For the sake of thread conversation: one of my thought processes is that I am not sure what ethical minefield one is jumping into by funding the tech-bro AI companies. I think we’re going to get a reckoning with forthcoming price-increases anyway; engineers who’ve been making hay with running sub-agents overnight may have to rein in their wild abandon when the subsidies run out.

That said, I will probably grab one of the least-worst options (Claude) and learn how to use it for a few months. I can see me pushing the button on local LLMs, and it would be a fun project to experiment with, but I wonder if there is an early-adopter time/price tax at present.

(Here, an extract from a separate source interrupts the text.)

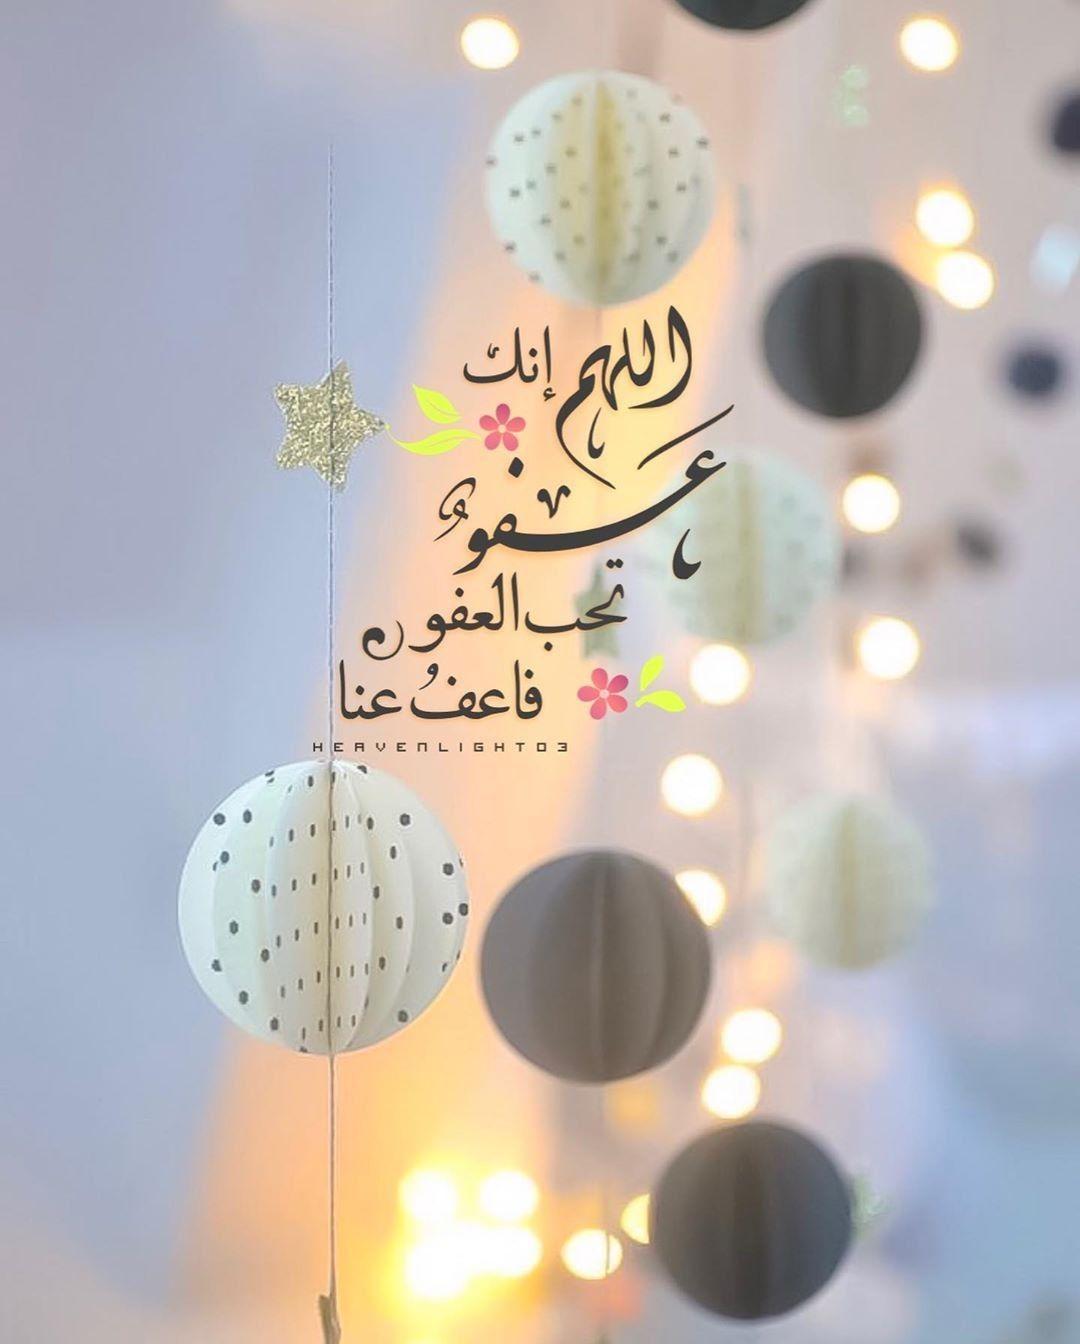 اللهم إنك عفو كريم تحب العفو فاعف عنا Quotes Sahabat Eid Greetings Ramadan

Oh boy. AI ethics are a minefield for sure. Negative impacts all around (energy, environment, workforce, etc.) and so much stupid hype over-promising and under-delivering. Not even going into what data models were trained on and impact on artists, and all creators really. On the other hand it’s something that is incredibly useful in certain applications already - with very good results). On some level reminds me of blockchain hype and real opportunities (e.g. cutting out traditional middleman in finance), with so much shady stuff going on and so many people getting fucked over.

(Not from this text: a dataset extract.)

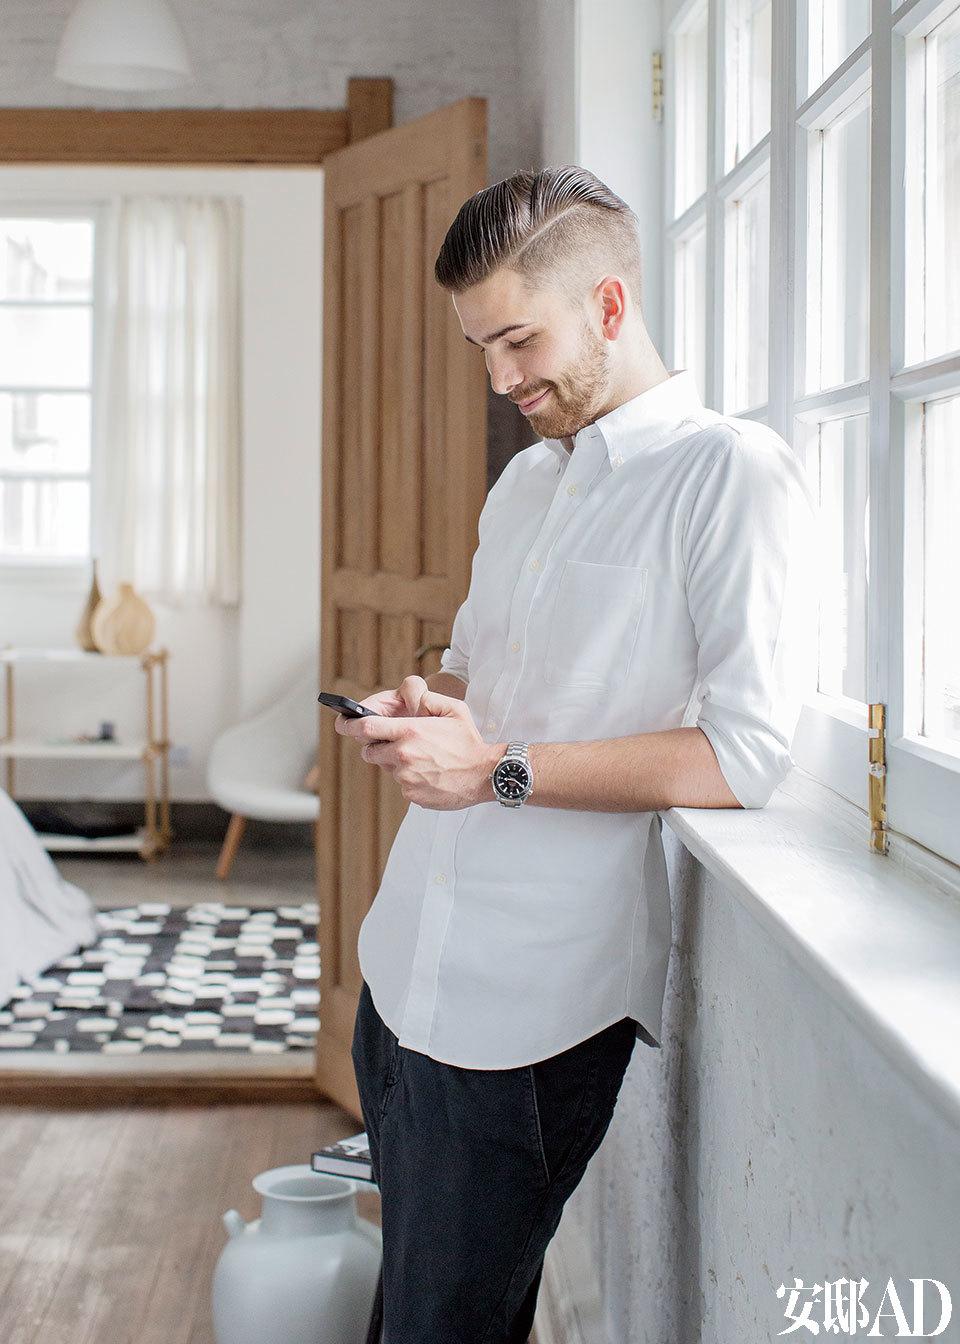 主人: Kristian Haaning,来自丹麦,在丹麦的一家国际时尚集团工作,负责时装零售行业的整体解决方案与采购。从玄关处望向客厅和卧室,客厅朝南的大窗户改造成双层玻璃,既保暖又隔音,卧室的黑白格纹马毛地毯巧妙的柔和过渡了对立的颜色。
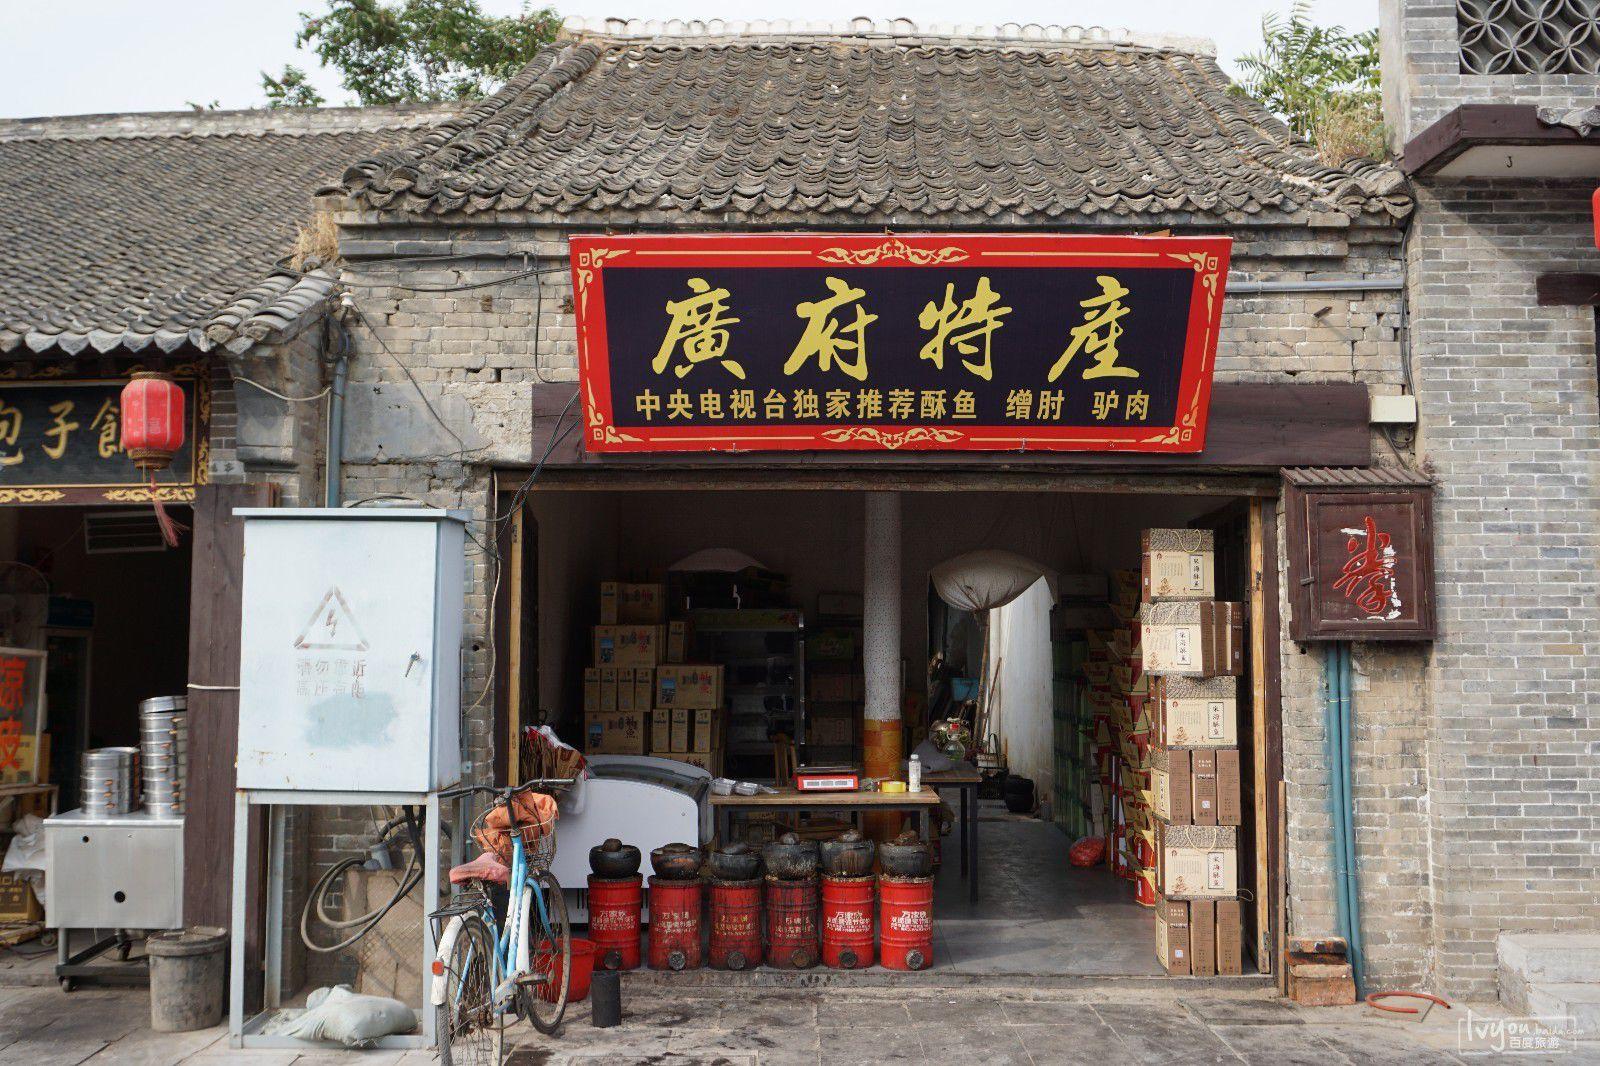 京娘湖<a href=http://www.huaxiacaixun.com/Trave/ target=_blank class=infotextkey>旅游</a>攻略图片10

About the early-adopter time/price tax. In software engineering LLMs are incredibly powerful. Claude Code, Cursor, Google Antigravity, Mistral Vibe, what have you don’t really have high hardware demands and are pretty easy to set up. Depending on how sensitive your data is you might want start learning on a dedicated machine. If at some point you think you’ll depend more on agentic coding going forward IMO it might be worth it to get a smooth local setup going. If for whatever reason the entry barrier for the big players gets bigger over night (heavy price increases, losing access, etc.).

The main reason why I currently don’t pursue a local setup is somewhat silly. It will definitely demand more performance of my Desktop than with my current regular use. I’m dreading the near constant fan noise that’s very likely to happen with it :slight_smile:

2 Likes

Good thoughts, all agreed.

I plan to set this up on an entirely separate computer - would be nice to use the Framework Desktop, or maybe a more traditional gaming rig with the funky glass side and glowing components neon-lit within. But it could be in a different room to my office - I’d just be accessing it over the LAN. Importantly I’d share my fibre connection IP on a dynamic DNS domain, and set up some kind of auth system, so I can access my LLM from outside the house too.

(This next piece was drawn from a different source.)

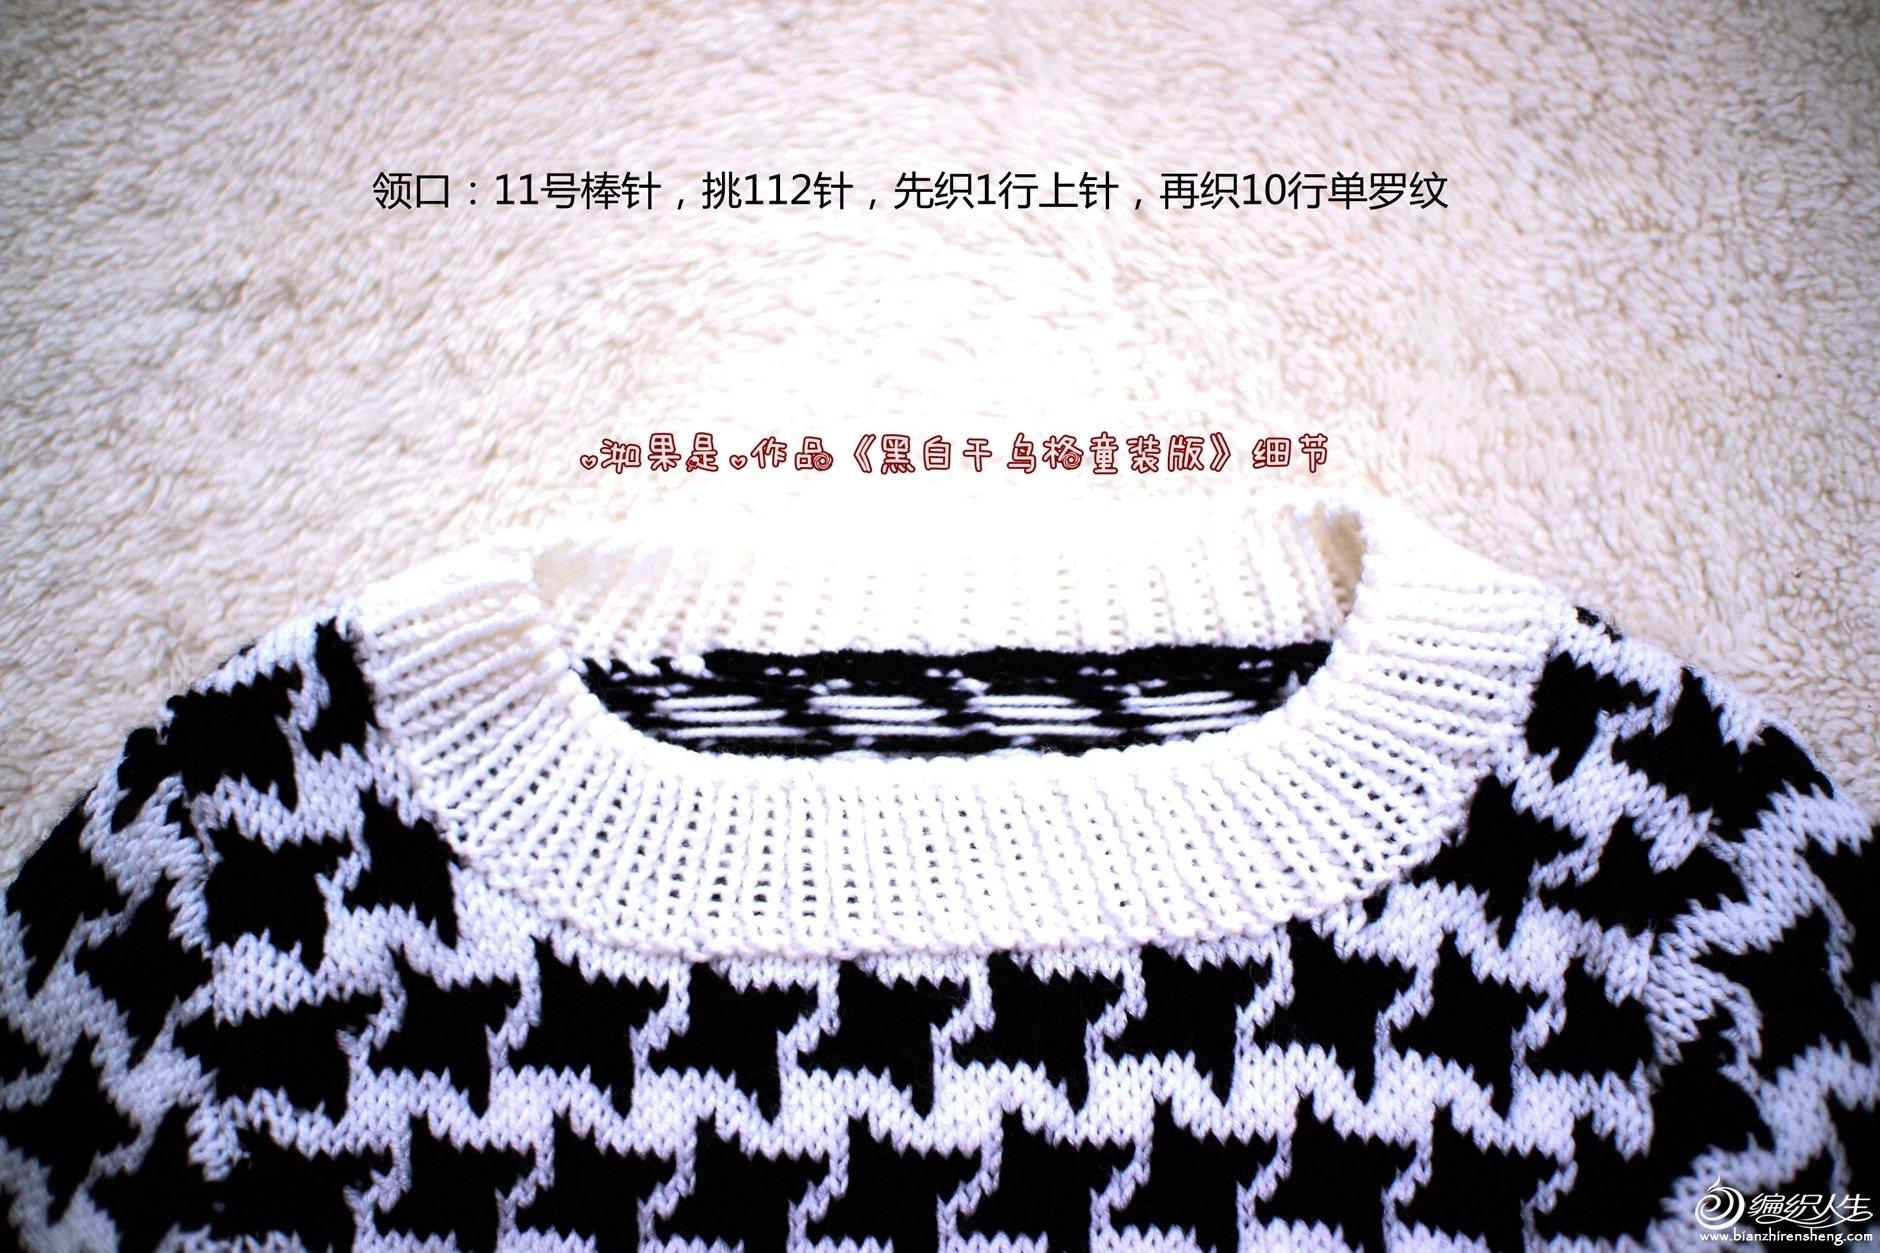 131027f3nolg522vq5jiqa.jpg

With that kind of setup your initial question is easy to answer: FW Desktop is more than capable enough to use any external code generation LLMs and usual software development workflows. Definitely also fine to tinker with local LLMs.

If you have a dedicated machine you also might look into Hermes Agent which is gaining a lot of popularity lately. Feels pretty similar to a locally run Claude Code and a bit less rough than OpenClaw.

Ah yes, perhaps I was not clear. My end purpose is in wanting to rely on local LLMs entirely, so as to negate the question of what killer-robots mania Karp and Musk etc are planning for humanity (and how I can avoid funding the same).

From my early research, running 70B and 100+B models is viable locally, and I’ve no doubt that small coding tasks like, say, reformatting a JSON array is possible. But for my next stage of AI competence, I want to be able to develop a whole application feature using local AI; I know remote systems can do it, but I want eventually to end my Claude subscription. This requires the LLM to hold a lot more context in memory, and to understand the structure of a large codebase, and I am not yet sure that local models can do that yet.

If you look into Hermes with a Qwen 3.6 model let us know about the performance :slight_smile: From my (little) research that seems like one of the best open source & locally run approaches at the moment.

1 Like

I’ve been using a Framework Desktop as an Ollama+OpenWebUI (+SearxNG+Tika) server, and for code generation I have Hermes Agent, Opencode, and Ollama running on a Framework 16 (AMD GPU).

The desktop Ollama runs the big models (generally quants of Gemma4, Qwen3.6, Laguna-XS in the 30-70GB size range), and laptop Ollama is used for the smaller exploratory models, embedding models, etc. This is easier to manage in Opencode than in Hermes, which seems to like using one model for everything - but Hermes can farm code-generation tasks out to Opencode. Smaller quants of the models on the desktop can be run on the laptop when travelling, should the need arise.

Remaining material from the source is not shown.